Looking Ahead: An Uncertain Outlook for the Rest of 2025
As the final quarter of 2025 approaches, the outlook for Ireland’s tourism industry remains bleak. According to the survey, 44% of businesses expect their revenue to decline in the last quarter of 2025, while only 21% expect an increase in income. Most operators are bracing for a challenging end to the year, with concerns about economic uncertainty, rising costs, and changing travel trends weighing heavily on the sector.

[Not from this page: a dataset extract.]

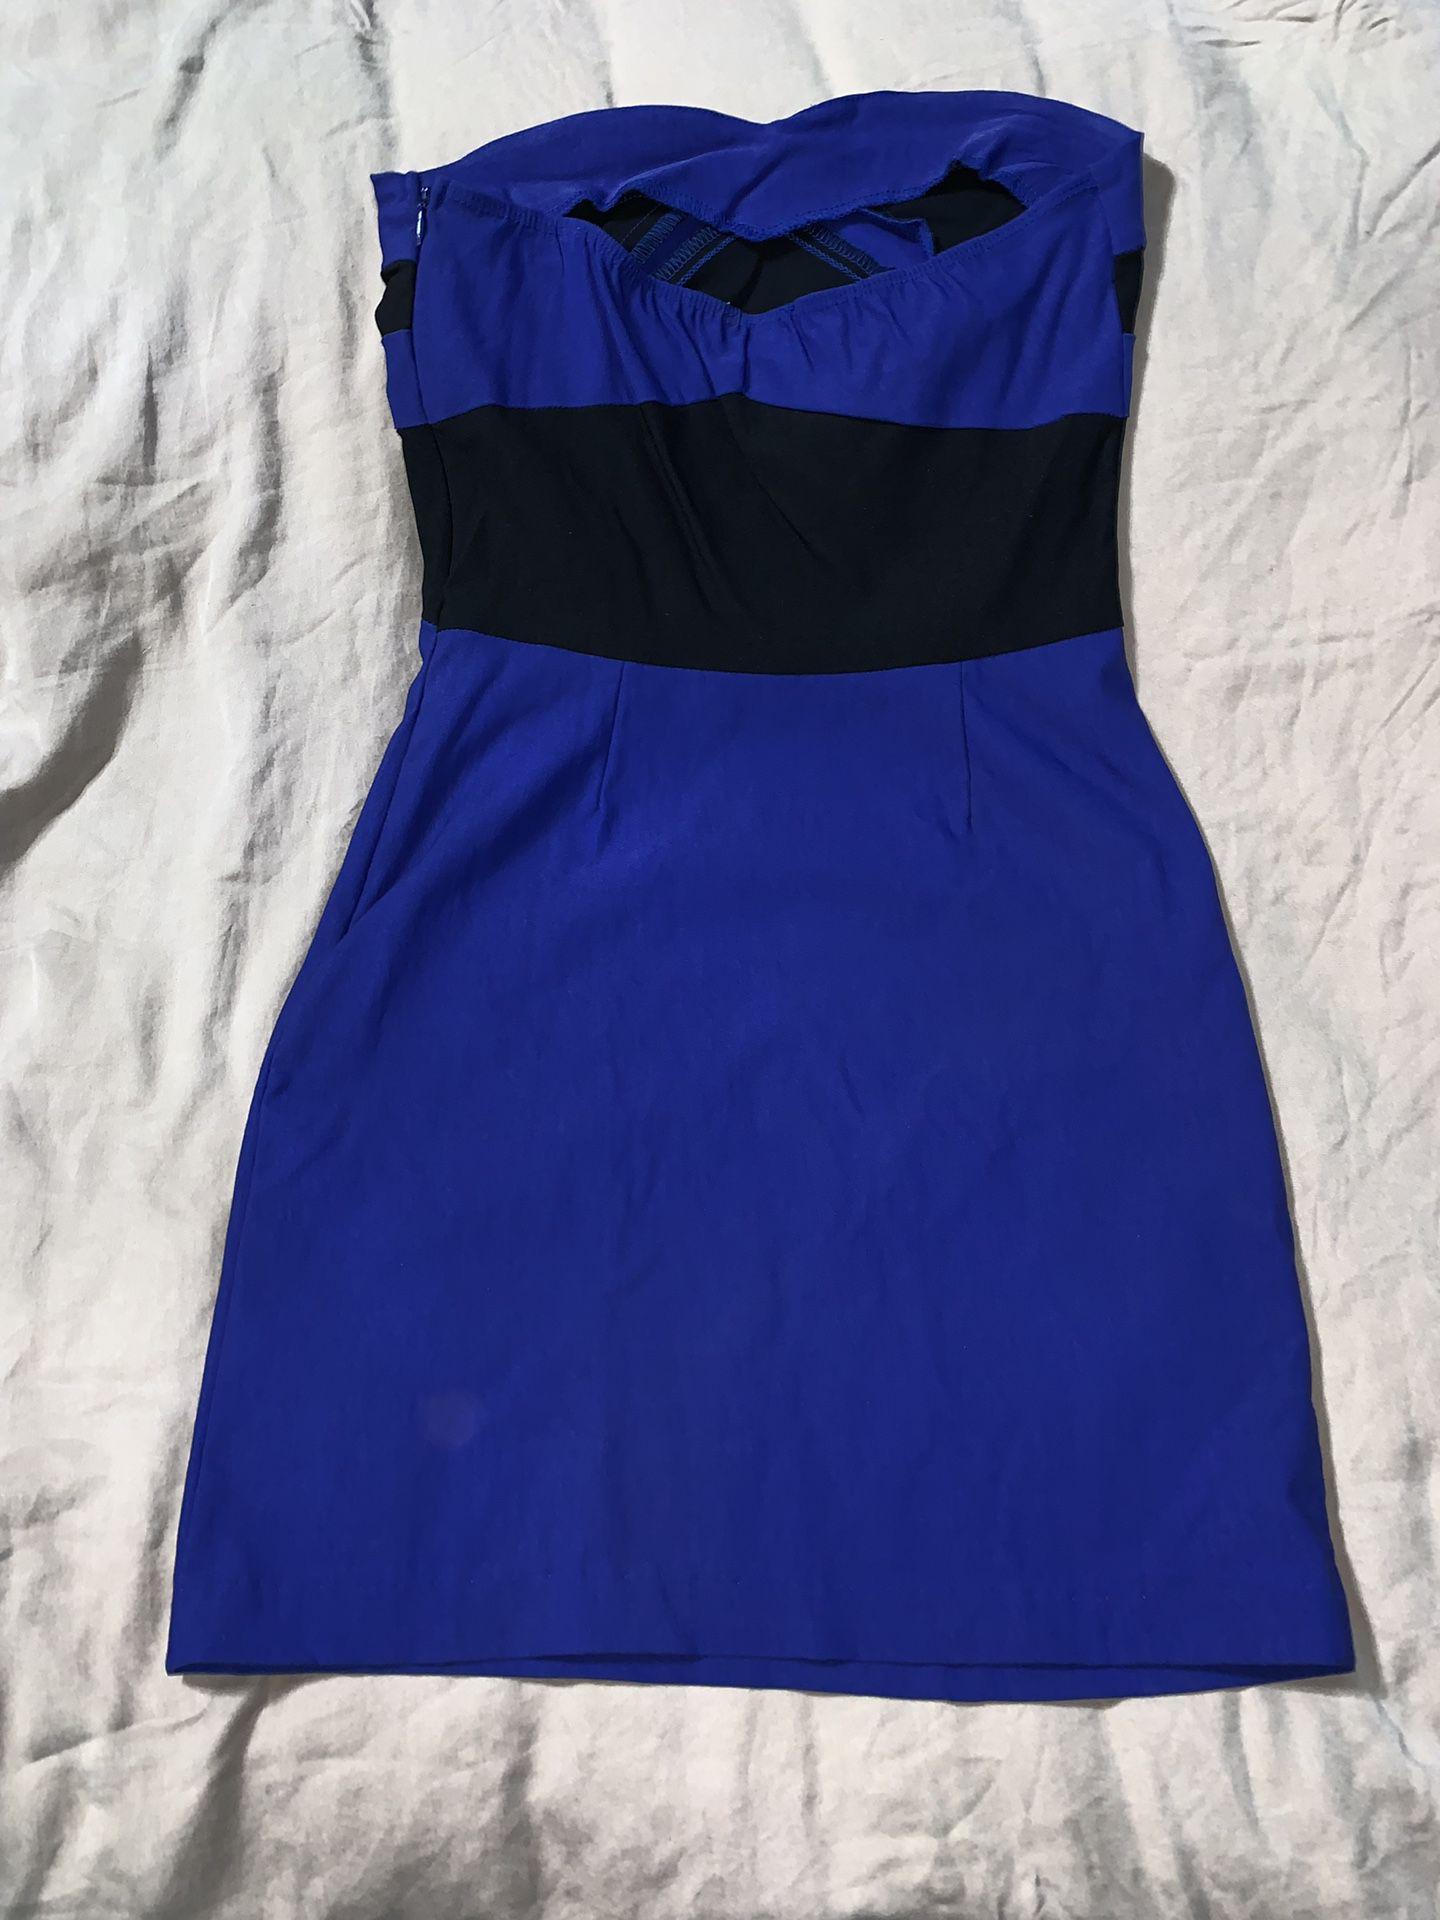 Black and blue strapless Dress

The impact of international trade tariffs, particularly with the United States, has also had an effect on the tourism sector. About 25% of businesses claimed that the uncertainty caused by tariffs has negatively impacted their investment plans, with many operators delaying or scaling back projects. This uncertainty, coupled with the broader global economic instability, could further hurt Ireland’s ability to attract international visitors.
US Joins Germany, Canada, UK, France, and More in Hammering Ireland Tourism in 2025 as Visitor Numbers Drop Significantly due to economic uncertainty, rising costs, and changing travel preferences. This decline from key international markets has put immense pressure on Ireland’s tourism sector, hindering its recovery efforts.
2025 has been a difficult year for Ireland’s tourism industry. Visitor numbers from key markets, including the United States, Germany, the UK, and France, have dropped significantly, and rising operational costs continue to put a strain on businesses. While some regions and sectors have shown resilience, the overall outlook for the industry remains uncertain. With the challenges of economic uncertainty, shifting travel preferences, and rising costs, Ireland’s tourism sector will need to adapt and innovate if it hopes to recover and thrive in the coming years. The road to recovery will not be easy, but with a renewed focus on attracting international visitors and supporting local businesses, there is hope that Ireland can regain its position as a top global travel destination.